The Mariners were the winners of their arbitration hearing with Teoscar Hernandez, Jon Heyman of the New York Post reports (Twitter link). The arbitration panel ruled that Hernandez will earn $14MM in 2023, rather than the outfielder’s sought-after salary of $16MM.
This was Hernandez’s final year of arb eligibility, as he is slated to enter the free agent market next offseason. 2023 will also be the slugger’s first season in Seattle, after the M’s acquired Hernandez from the Blue Jays in one of the winter’s most notable trades. The Mariners dealt a quality set-up man in Erik Swanson and an interesting pitching prospect in Adam Macko to Toronto in the hopes that the 30-year-old Hernandez can add some pop to the lineup.
Hernandez hit .267/.316/.491 with 25 home runs over 535 plate appearances with the Jays in 2022, continuing his string of somewhat quietly productive seasons. Since the start of the 2018 season, Hernandez has hit 121 homers and slashed .263/.321/.499, which works out to a solidly above-average 120 wrRC+. Hernandez won Silver Slugger honors in both 2020 and 2021, and was also named to his first All-Star team in 2021.
Despite all these pluses, the Jays felt Hernandez was expendable as part of their effort to add more defense, quickness, and left-handed hitting balance to the lineup. While Hernandez’s speed is perhaps underrated, his glovework as a corner outfielder drew mixed reviews at best, and such major public defensive metrics as Outs Above Average (-5), UZR/150 (-5.3) and Defensive Runs Saved (-3) all gave him subpar marks as a right fielder in 2022. Hernandez’s offensive production is also somewhat one-dimensional — he brings plenty of power and hard contact, but also a lot of swing-and-miss without many walks.

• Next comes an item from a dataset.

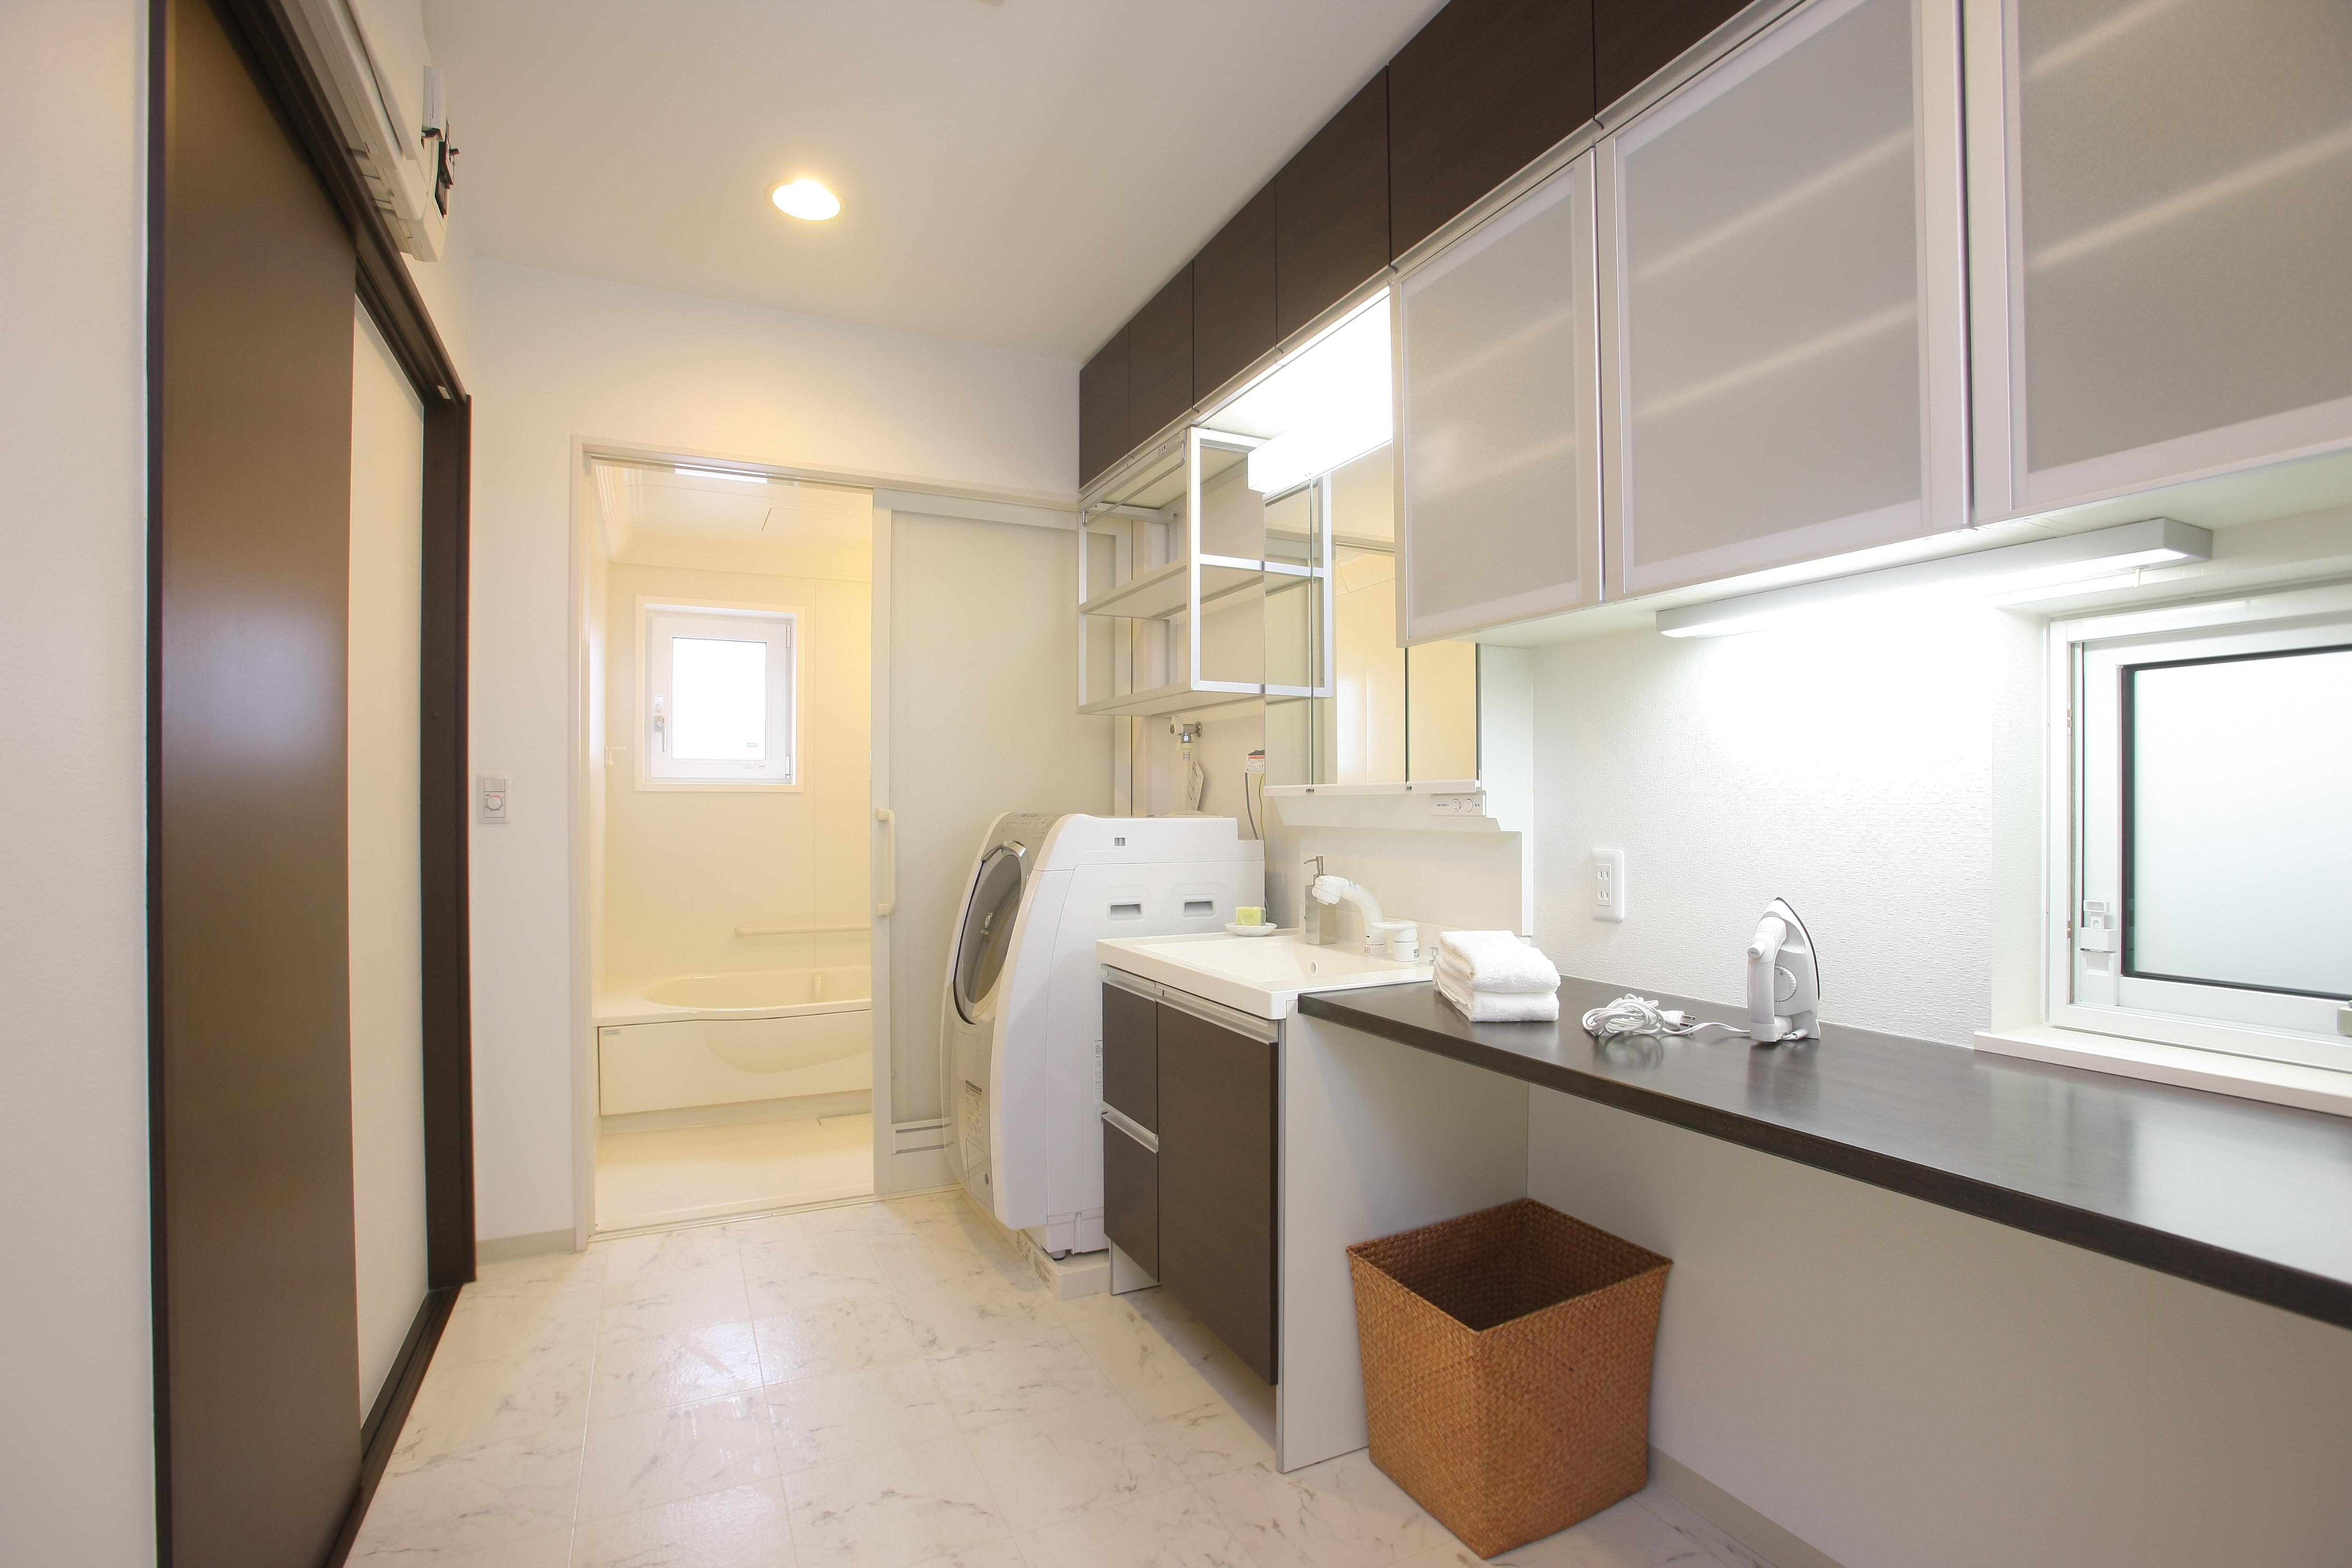 トキノハウス(常盤工業)【浜松市東区和田町805番地・モデルハウス】キッチンに隣接した家事コーナーと洗面、浴室スペース。キッチンから一直線に繋がる空間は、奥様目線の動線に。日常の家事がしやすい、奥さまに嬉しい設計

Since arbiters generally tend to look more at traditional counting stats than advanced metrics, the drop from Hernandez’s 2021 numbers (32 homers, 116 RBI, .296 average) to his 2022 number could explain why the panel ruled in favor of the Mariners. Hernandez will still receive a nice raise from his $10.65MM salary in 2022, and barring an extension with the M’s at some point, he’ll look to deliver a good platform season to set him up for a hefty multi-year contract next offseason.
With Hernandez’s case now decided, Seattle’s arbitration business has concluded for the winter. The club didn’t reach an agreement with three players prior to the figure-exchange deadline, but the Mariners ended up winning their hearings with Hernandez and Diego Castillo, and reaching a three-year extension with Dylan Moore.